There are a few others worth exploring, but there are also whole package of themes that are constantly being updated. Want to make your figure look like it came from Excel, fivethirtyeight.com, or was made by Tufte himself?

#install.packages("ggthemes")
library(ggthemes)
## Warning: package 'ggthemes' was built under R version 3.2.3
base_plot +
  theme_excel()
## Warning: Removed 3 rows containing missing values (geom_point).

base_plot +
  theme_fivethirtyeight()
## Warning: Removed 3 rows containing missing values (geom_point).

base_plot +
  theme_tufte(base_size=17)
## Warning: Removed 3 rows containing missing values (geom_point).

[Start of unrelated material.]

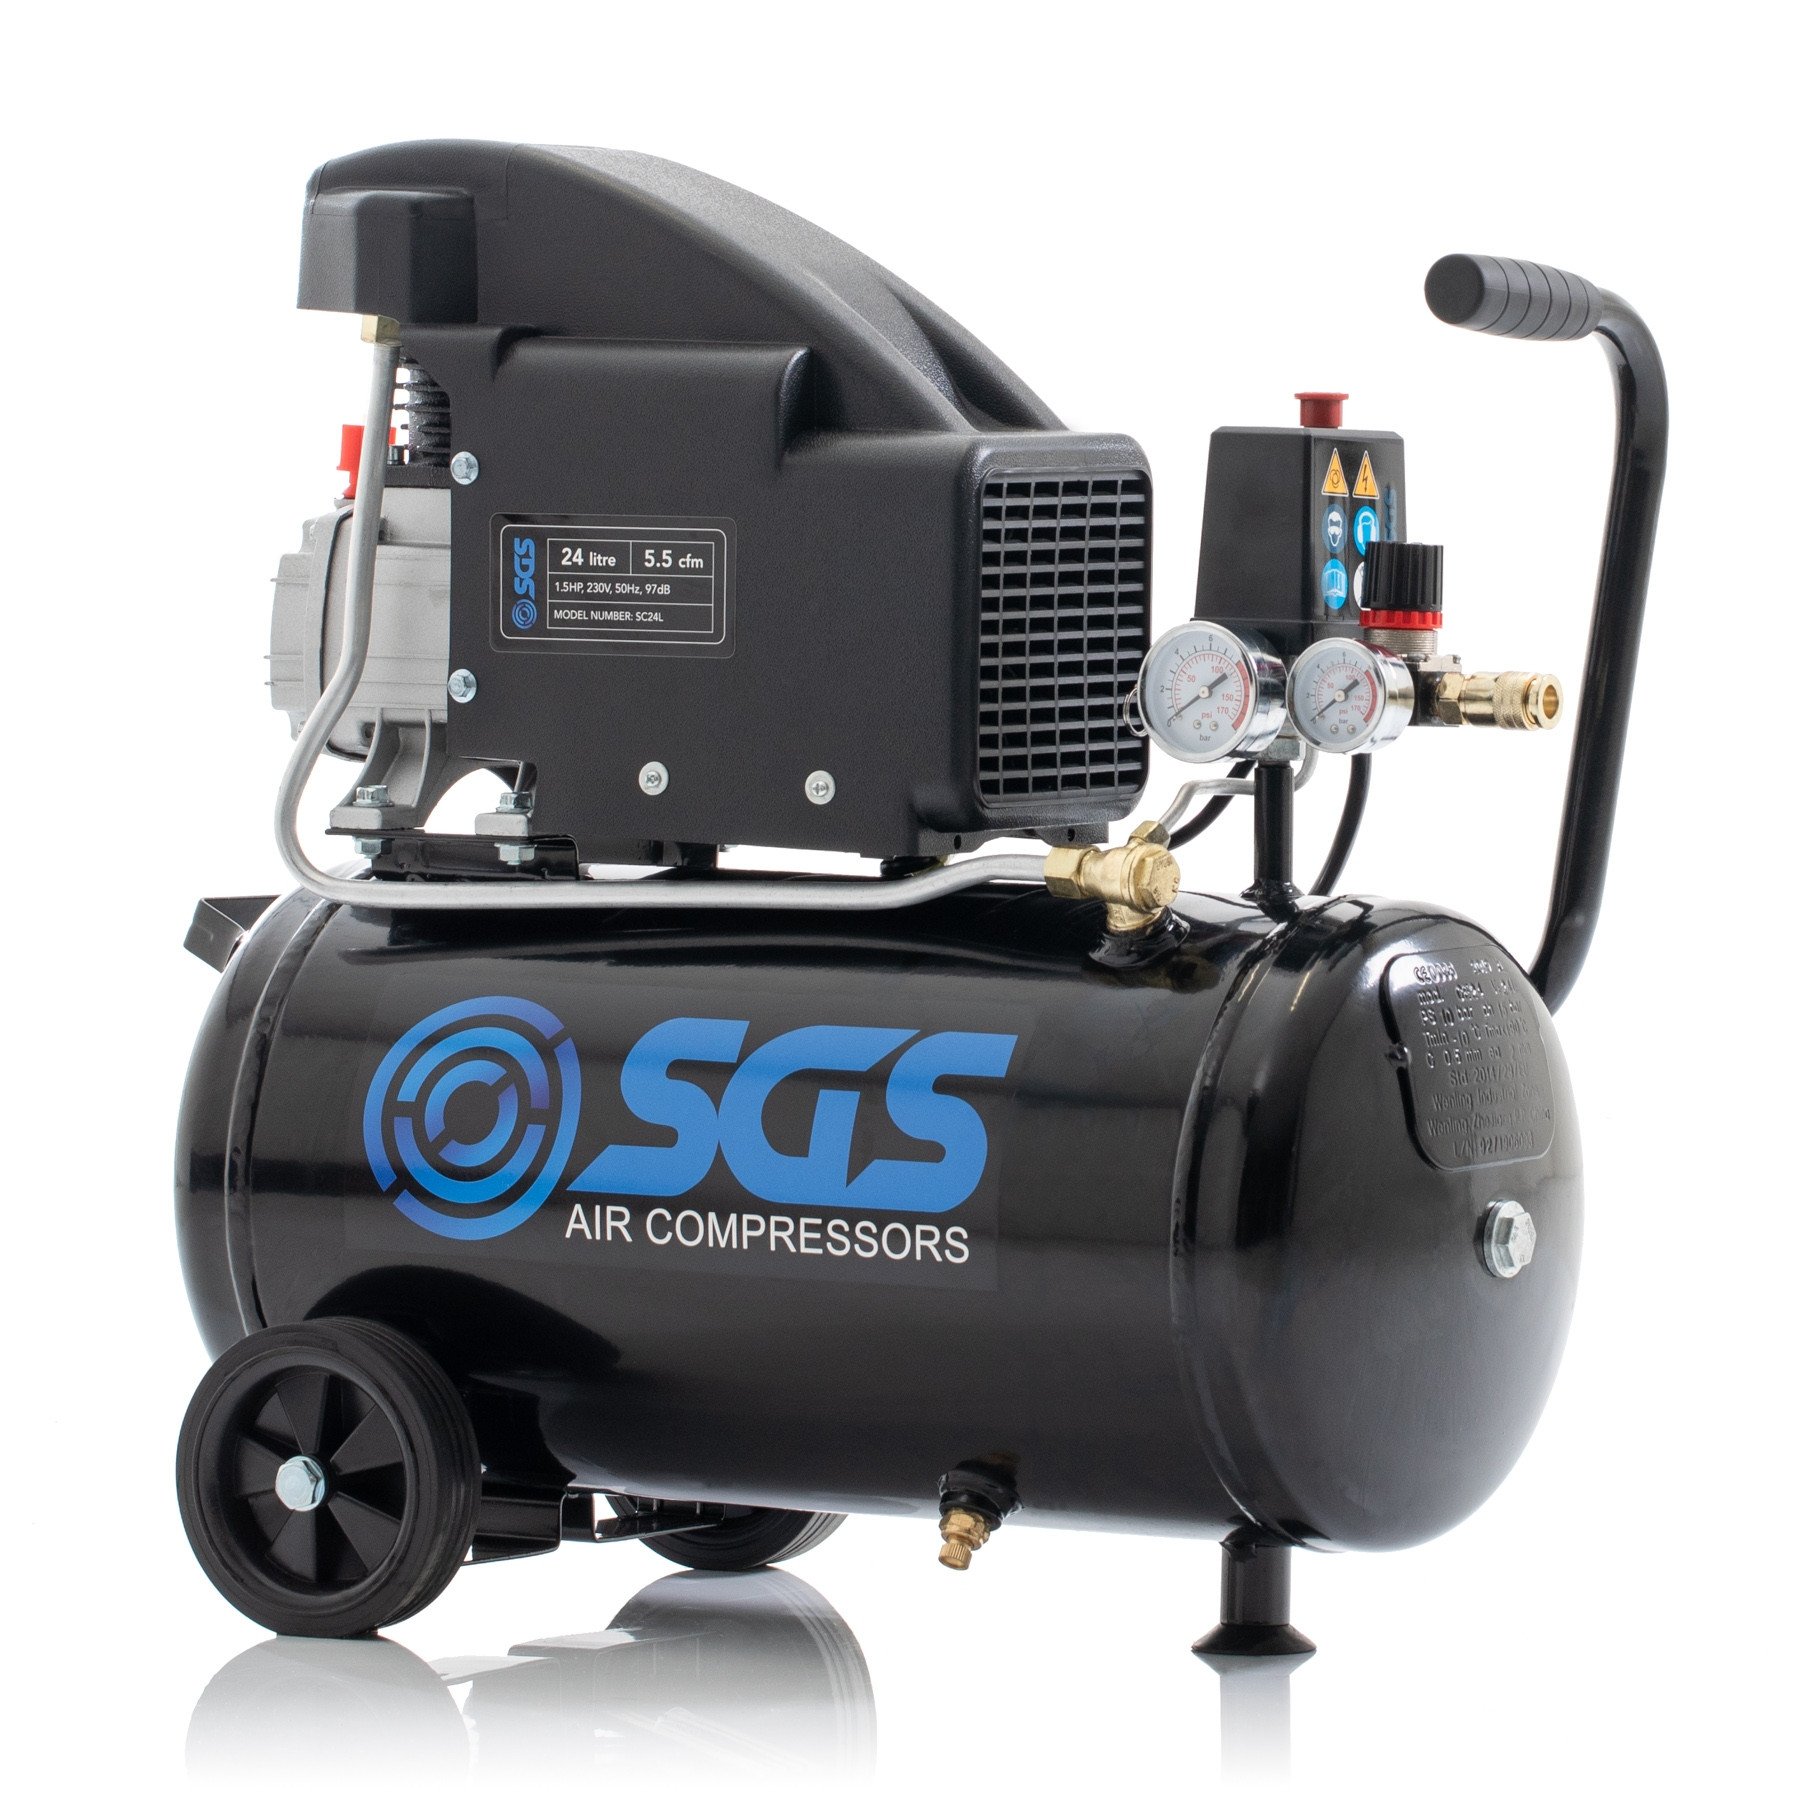 SGS 24升直驱空气压缩机- 5.5 CFM, 1.5 HP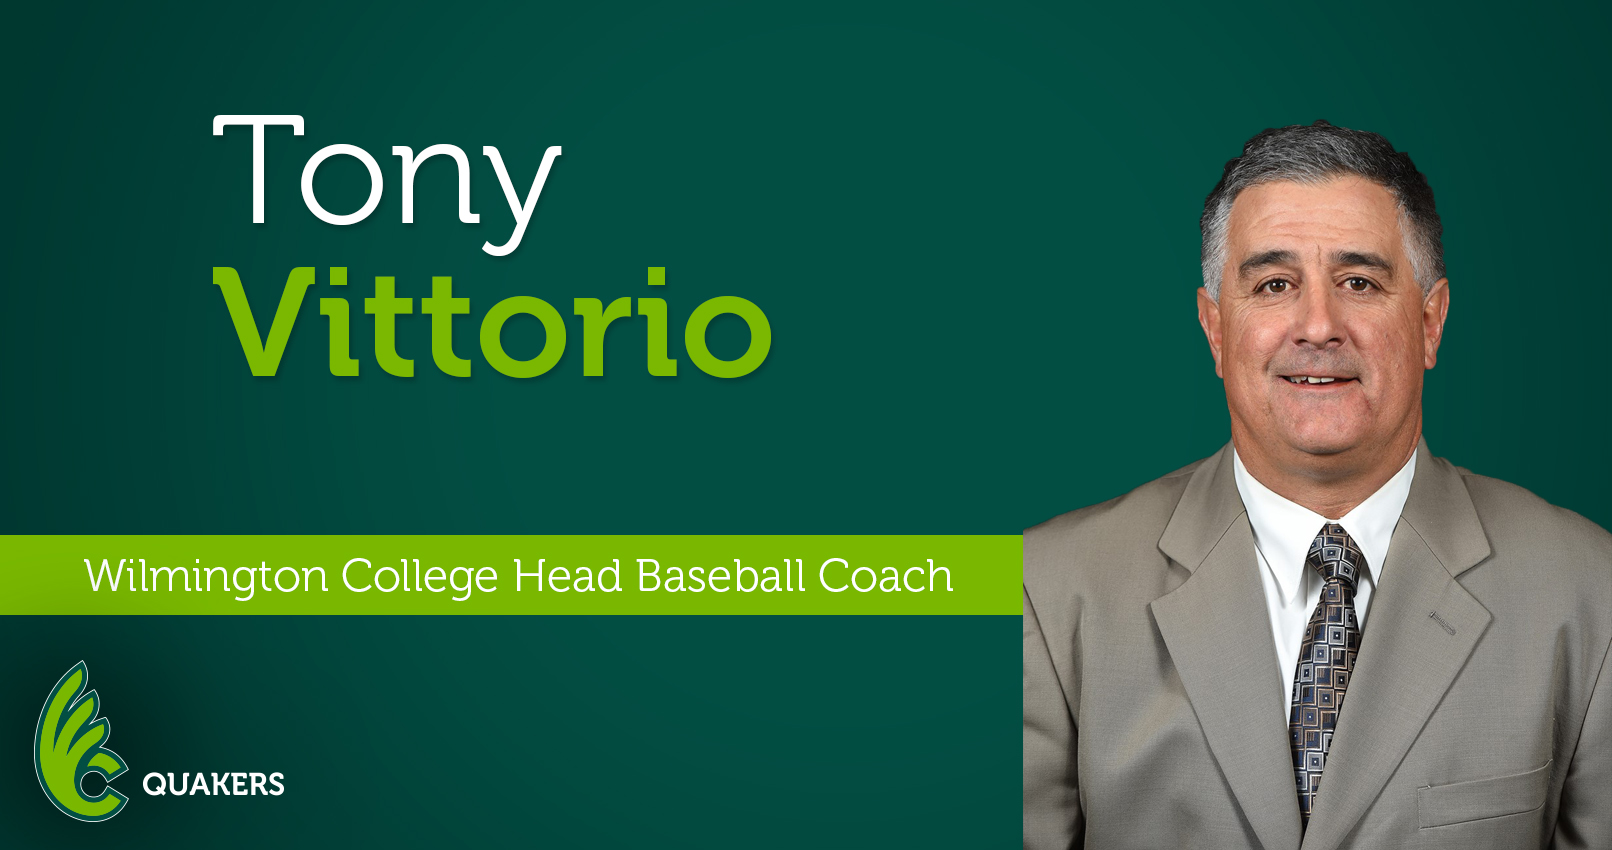 Tony Vittorio Named Head Baseball Coach

Note in the last, we’re using the base_size argument to change font sizes. Excellent for plotting.

You can get as flexible as you want with the theme function. Look at the helpfile. For each element of the plot, you can specify exactly how you want it to look. It’s a very strict system, with element functions to specify a standard set of arguments about text, lines, etc. But once you get the hang of it, you can do a lot. For example, let’s rotate our x-axis text.

base_plot +
  theme(axis.text.x=element_text(angle=-90))
## Warning: Removed 3 rows containing missing values (geom_point).

If you liked it you shoulda put a title on it

Once you’ve got your plot locked in with colors, axes, etc., we may want to add a last few details. Here’s a very fiddly example with a title, some plot annotation, relabeling of figure axes, and the title of the colorbar all in one. This is a lot, but it gives you an idea of the powerful flexibility of ggplot2 to get things looking EXACTLY the way you want them.

ggtitle, xlab, and ylab are perhaps the most common things you’ll be using as you move away from the default column names. But guides often need some tending to as well.

Note also that a color is added on the fly by adding a new aesthetic.

base_plot +
  theme_bw(base_size=12) +
  theme(axis.text.x=element_text(angle=-90)) +
  aes(color=Salinity) +
  scale_color_gradientn(colors=brewer.pal(7, "BrBG"),
                      guide=guide_colorbar(title="Salinity (PSU)")) +
  ggtitle("Plankton Covariation and Salinity") +
  annotate(geom="text", x=0.03, y=1, label="P=0.04") +
  xlab("Chlorophyte Concentration") +
  ylab("Cyanobacteria Concentration")
## Warning: Removed 3 rows containing missing values (geom_point).